COCONUT: A coronal model with an energy decomposition strategy
Haopeng Wang, Stefaan Poedts, Andrea Lani, Rayan Dhib, Luis Linan, Tinatin Baratashvili, Hyun-Jin Jeong, Yuhao Zhou, Yucong Li, Mahdi Najafi-Ziyazi, Juan Wang, Brigitte Schmieder, Wensi Wang, Edin Husidic
TL;DR
This work tackles the numerical instability that arises in low-beta coronal MHD simulations when the thermal pressure is derived from the full energy equation. It introduces an energy-decomposition strategy that evolves a decomposed energy E1 (internal plus kinetic energy) and pairs it with an HLL flux that includes an additional dissipation term to mitigate catastrophic cancellation, all within the time-evolving implicit MHD code COCONUT. The approach achieves near parity with the full-energy results during solar minimum and rising phases while markedly improving stability during solar maximum, demonstrated by quasi-steady tests and a solar-maximum time-evolution that remained stable where the full-energy version failed.

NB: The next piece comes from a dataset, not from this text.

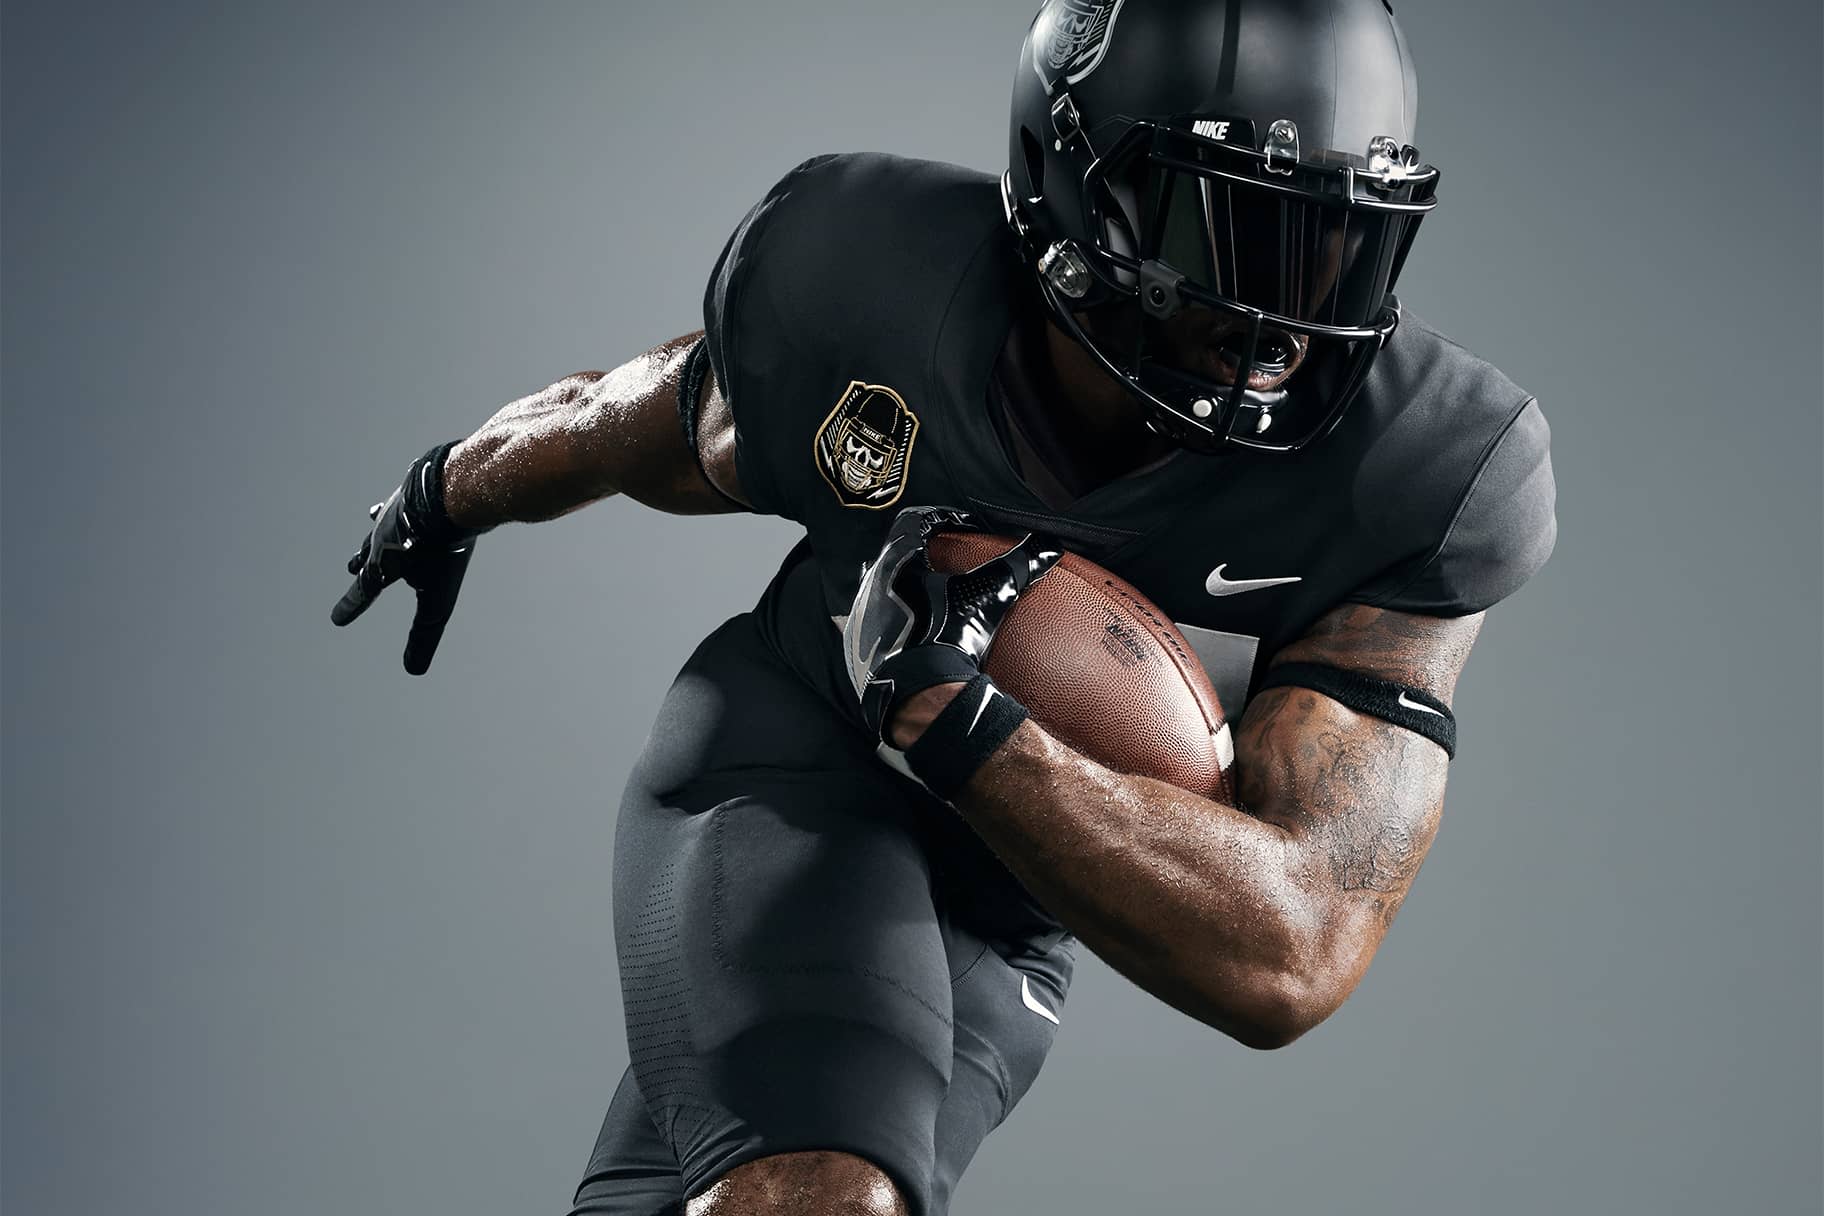 Allergie Honderd jaar media 7 Pieces of Protective American Football Gear From Nike to Buy Now. Nike NL

The method enables more realistic coronal evolution modeling through solar cycles and opens avenues for data-driven CME modeling, with demonstrated scalability on high-performance computing resources and compatibility with existing boundary-conditions and PF extrapolation practices.
Abstract
In this paper, we propose an energy decomposition method combined with an HLL Riemann solver that includes an additional dissipation term in the energy equation to improve the numerical stability of the fully implicit, time-evolving coronal model COCONUT and extend its applicability to solar-maximum phases. In MHD simulations that evolve conservative variables in time, the thermal pressure is typically computed by subtracting the magnetic and kinetic energies from the total energy. In low-beta (the ratio of thermal to magnetic pressure; $< 10^{-3}$) regions, discretization errors of magnetic energy can be comparable to the thermal pressure, potentially leading to negative thermal pressure and causing the simulation to crash. Therefore, we update the decomposed energy, excluding the magnetic energy, at each time step. It avoids subtracting a large magnetic energy from the total energy to obtain a very small thermal pressure in low-$β$ regions, thereby improving the numerical stability of MHD models. We validate the algorithm using a time-evolving solar-maximum Carrington rotation simulation in 2025, which the previous code failed to run to completion. We also perform quasi-steady-state coronal simulations and 2D benchmark tests to further assess the algorithm's performance. The simulation results show that the algorithm produces results nearly identical to those obtained using the traditional full energy equation during solar minimum, while significantly improving COCONUT's ability to simulate coronal evolution under strong magnetic fields, even including fields exceeding 100 Gauss with $β<10^{-3}$. This method provides a promising approach for performing quasi-realistic coronal simulations during solar maxima.